Each account receives a composite suspicion score (0.0 = clean, 1.0 = likely fake) from four signals:

| Signal | Weight | Measurement |
|--------|--------|-------------|
| Account age | 35% | `< 2 days` → 1.00 · `< 7 days` → 0.90 · `< 30 days` → 0.55 · `< 90 days` → 0.20 · older → 0.00 |
| Profile completeness | 30% | Points for: no bio (+0.25), no location (+0.15), no company (+0.10), zero followers (+0.30), zero following (+0.10), bot-pattern username (+0.20) |
| Repository pattern | 25% | Zero repos → 0.90 · all repos are forks → 0.80 · >85% fork ratio → 0.55 |
| Activity history | 10% | Accounts >14 days old with zero repos + zero social graph → 0.80 (ghost accounts). Zero repos only → 0.60. All-forks + no social graph → 0.50 |

**Classification thresholds:**

| Score | Classification |
|-------|---------------|
| ≥ 0.75 | `likely_fake` |
| ≥ 0.45 | `suspicious` |
| < 0.45 | `clean` (not stored) |

### Campaign detection

A **campaign** is a group of ≥ 4 suspicious accounts that all engaged with the same repo within a 3-hour window. The algorithm uses union-find to build connected components; accounts that co-engaged within the window are merged, and any component above the minimum size is flagged as a coordinated campaign.

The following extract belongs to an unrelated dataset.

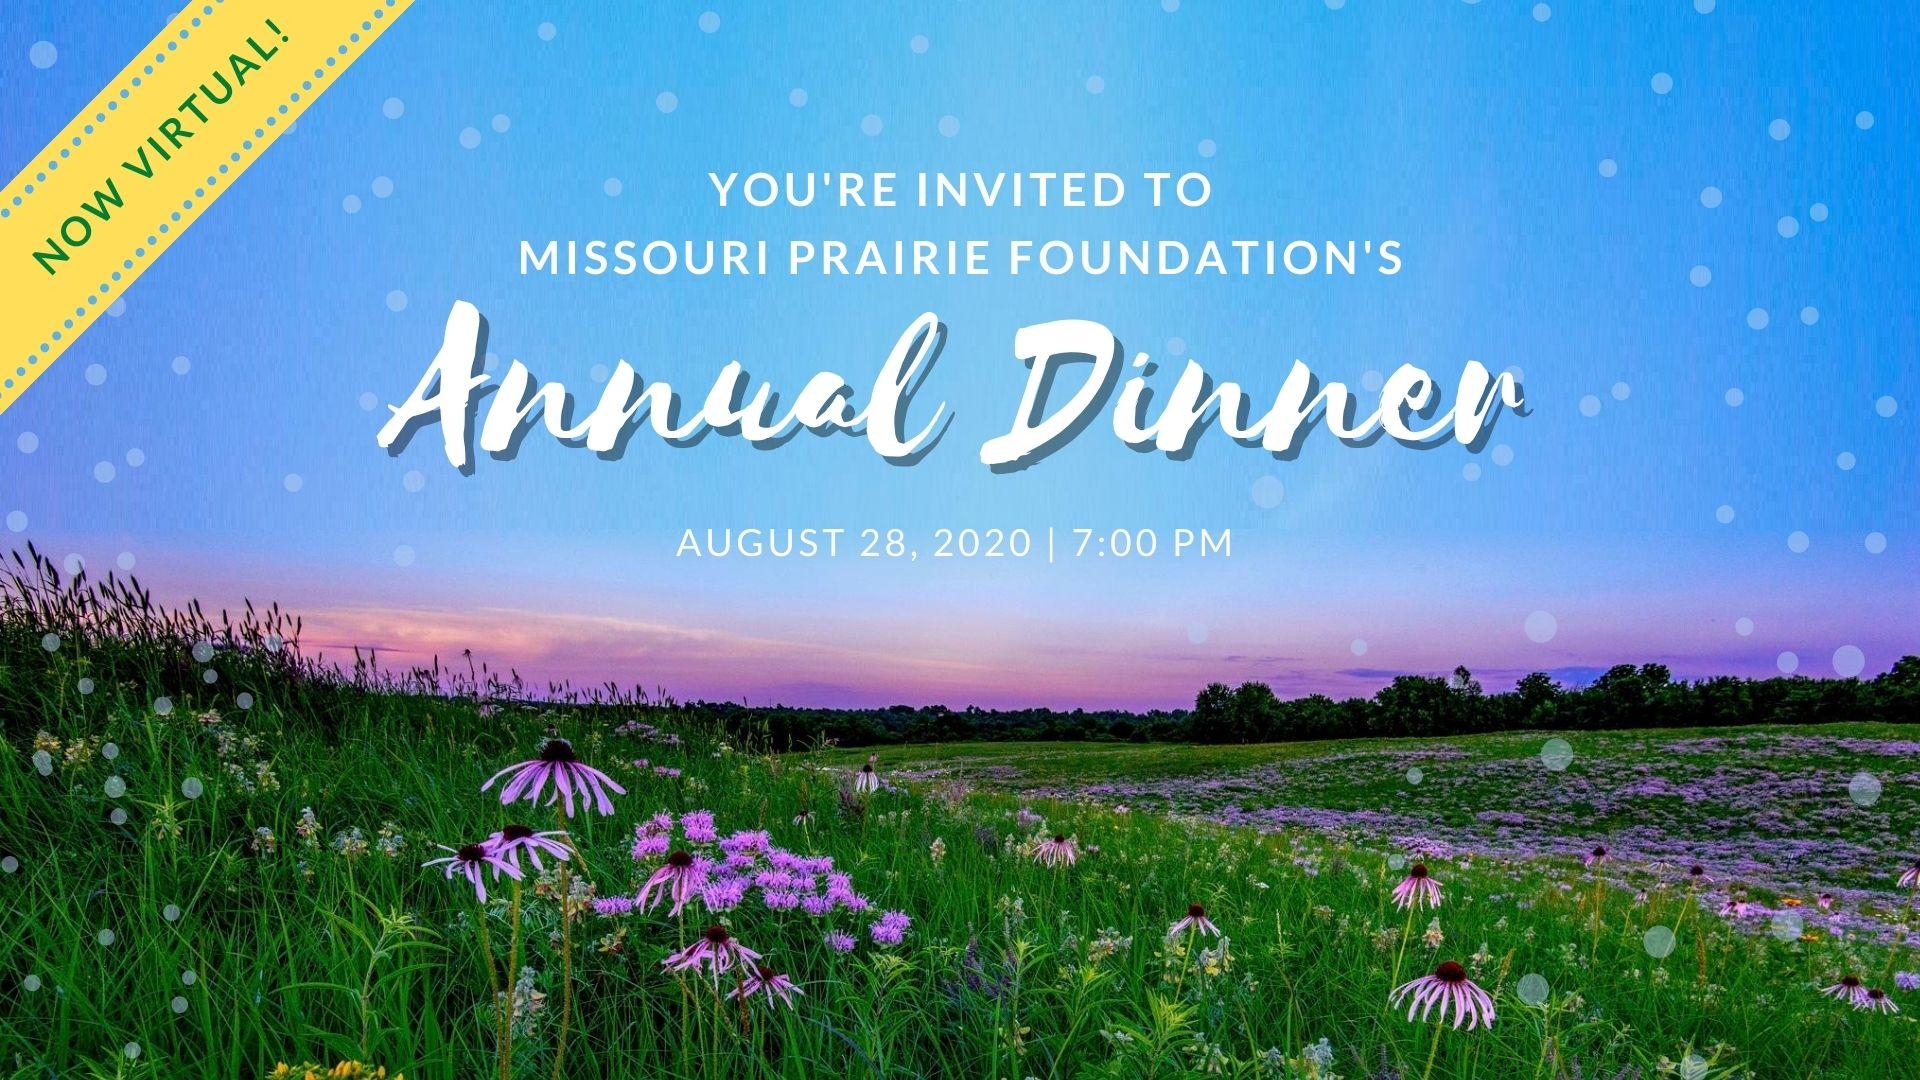 Virtual Annual Dinner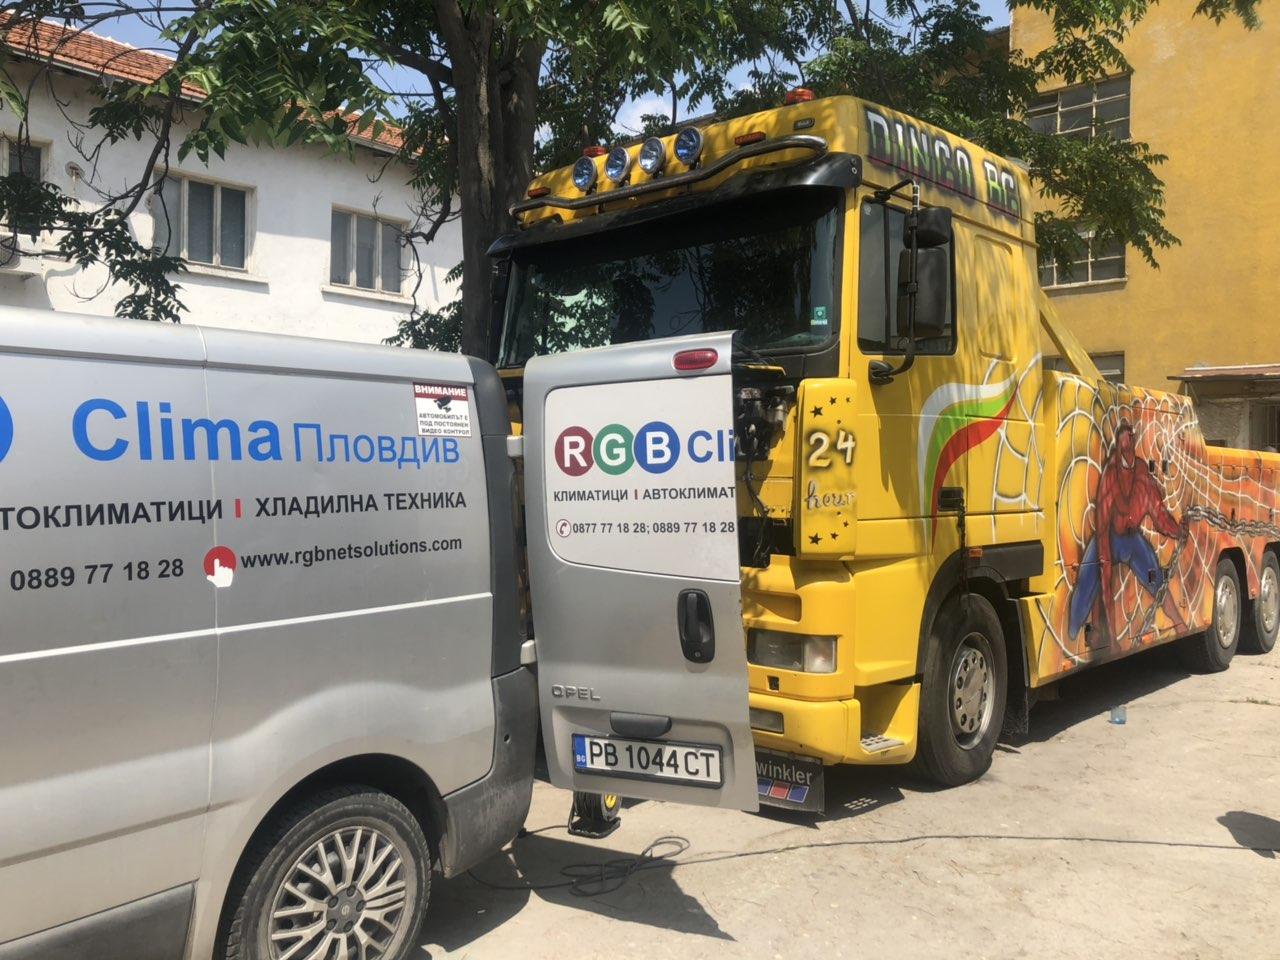 Зареждане на атоклиматик на камион с нашия специализиран микробус

Campaign IDs are stable SHA-256 fingerprints of the sorted member set. The same campaign detected on consecutive days will have the same ID as long as membership is unchanged.

**Why campaigns are the real signal:** Individual scores have meaningful false positive rates. A new developer with a sparse profile can score 0.80 alone. Forty accounts all scoring 0.75+, created within the same week, all starring the same repo within 90 minutes, is not a coincidence. The campaign signal is where the data becomes actionable: the difference between a suspicious data point and evidence of a coordinated operation.

---

## Data format

All findings are committed to [`data/suspects.jsonl`](data/suspects.jsonl) and [`data/repos.jsonl`](data/repos.jsonl), one JSON record per line, append-only. The GitHub Actions job summary (visible in the Actions UI after each run) provides a formatted per-scan report.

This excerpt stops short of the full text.